Title: Re: John Adams on HBO
Post by: SavageShootr on July 23, 2008, 04:47:39 PM

This is now available on DVD. I was wondering if anyone who watched it has an opinion they wish to share.

Thanks.
~SS
Title: Re: John Adams on HBO
Post by: Johnnyappleseed on July 23, 2008, 05:03:52 PM
Concerning the John Adams production by HBO. I had HBO back in the 90s + if HBO produces anything worthwhile or historically accurate it was probably by accident. ;D
Maybe HBO has changed , if so I would  be delighted to re subsribe . :o
A sure way for HBO to gain respect would be for a documentary on the Appleseed program  ;)
It is my recollection that HBO has been 100% ANTI RIGHTS  :-X
Semper Fidelis
JA
Title: Re: John Adams on HBO
Post by: Nickle on July 23, 2008, 05:15:32 PM
Quote from: Johnnyappleseed on July 23, 2008, 05:03:52 PM
if HBO produces anything worthwhile or historically accurate it was probably by accident.

I think you'll find they got "Band of Brothers" right.

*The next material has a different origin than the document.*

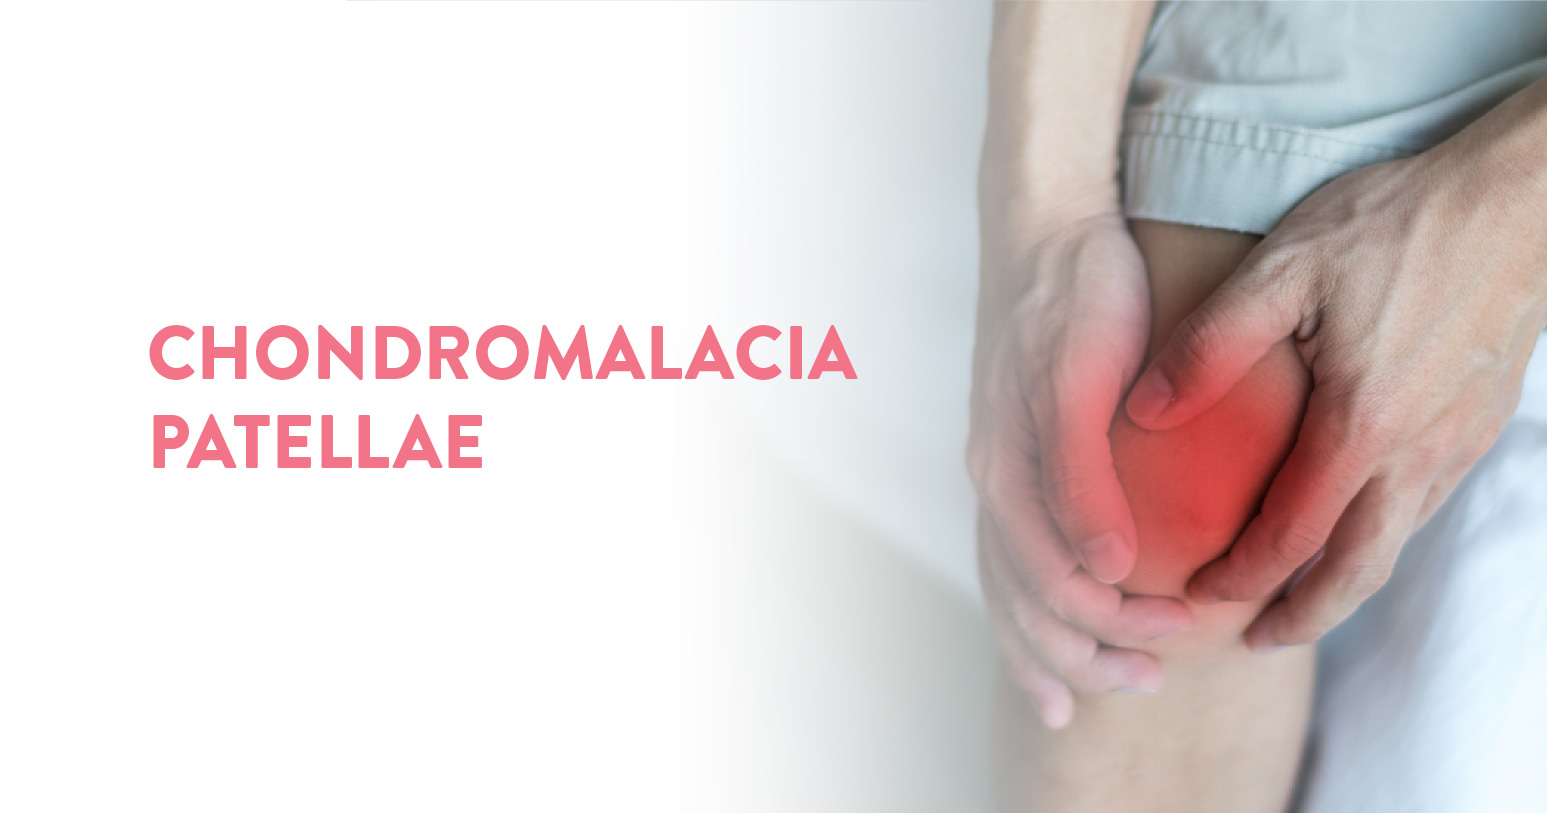 Chondromalacia Patellae treatment
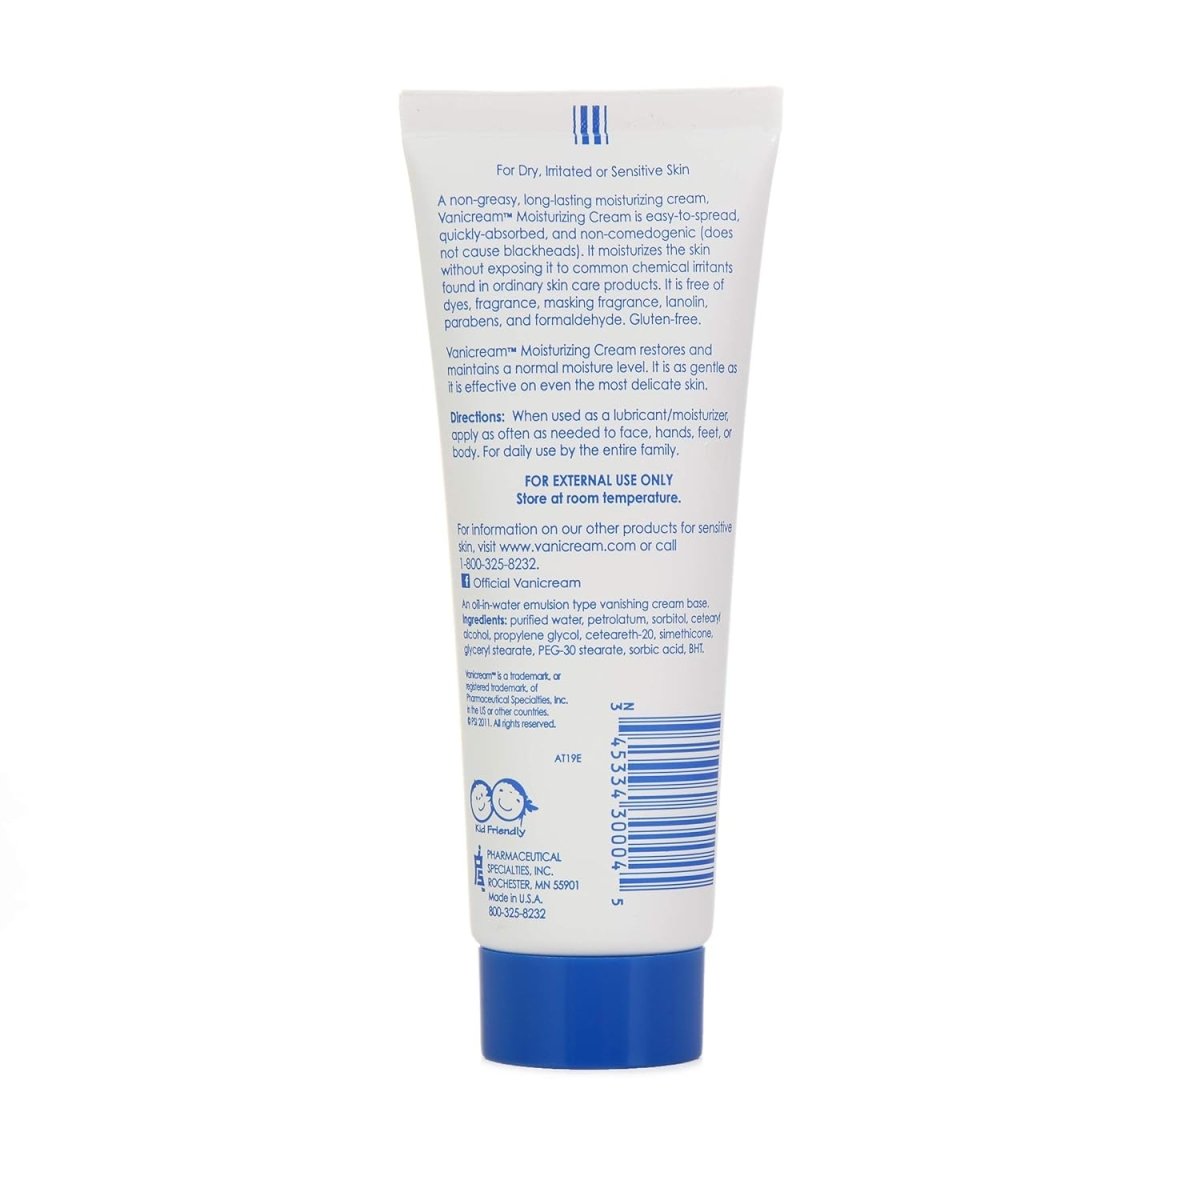 Pharmaceutical SpecialtiesVanicream Moisturizing Skin Cream for Eczema & Psoriasis - 4 oz TubeSkin CreamsSoothems

Of course, they had the troops that were there as advisors, and even interviewed them.

I'll agree they can be "hit or miss", and I don't know, but don't much doubt they're anti-rights anti-freedom.
Title: Re: John Adams on HBO
Post by: funfaler on July 23, 2008, 05:40:22 PM
COSTCO has the series a for $34, and they had a $10 off coupon, for $24.....the wife got it  ;) ;D

Just on episode one, so can't answer to content yet and my movie watching time has more  cartoons that history :(  so it might be a while to get to the end
Title: Re: John Adams on HBO
Post by: WECSOG on July 23, 2008, 05:43:36 PM
I've seen the HBO special and I'm about 2/3rds through the book.

The series is really good but not great.  Some of HBO's poetic license is needed, such as the level of awe just after the vote for independence was passed, but also, at least so far, they've taken a few freedoms to "drama-up" the story and left out key pieces of Adam's life instead.  Such as they spent far too much time on his sickness in holland but left out the negotiations with British diplomats which led to the treaty of Paris, which Adams played a key role.  Nabby's marriage to the Colonel looks to be "drama up'd".

I'll report back more when I finish the book.

Too bad Adams only saw the aftermath of the battles of Lexington and Concord so the movie doesn't show any scenes from that day, but the battle of bunker hill seen from Abigail's perspective was impressive, but too short.
Title: Re: John Adams on HBO
Post by: PHenry on July 23, 2008, 06:38:26 PM
Just finished a PBS doc on the Rev War. It was heavily slanted, but had a few nuggets in it.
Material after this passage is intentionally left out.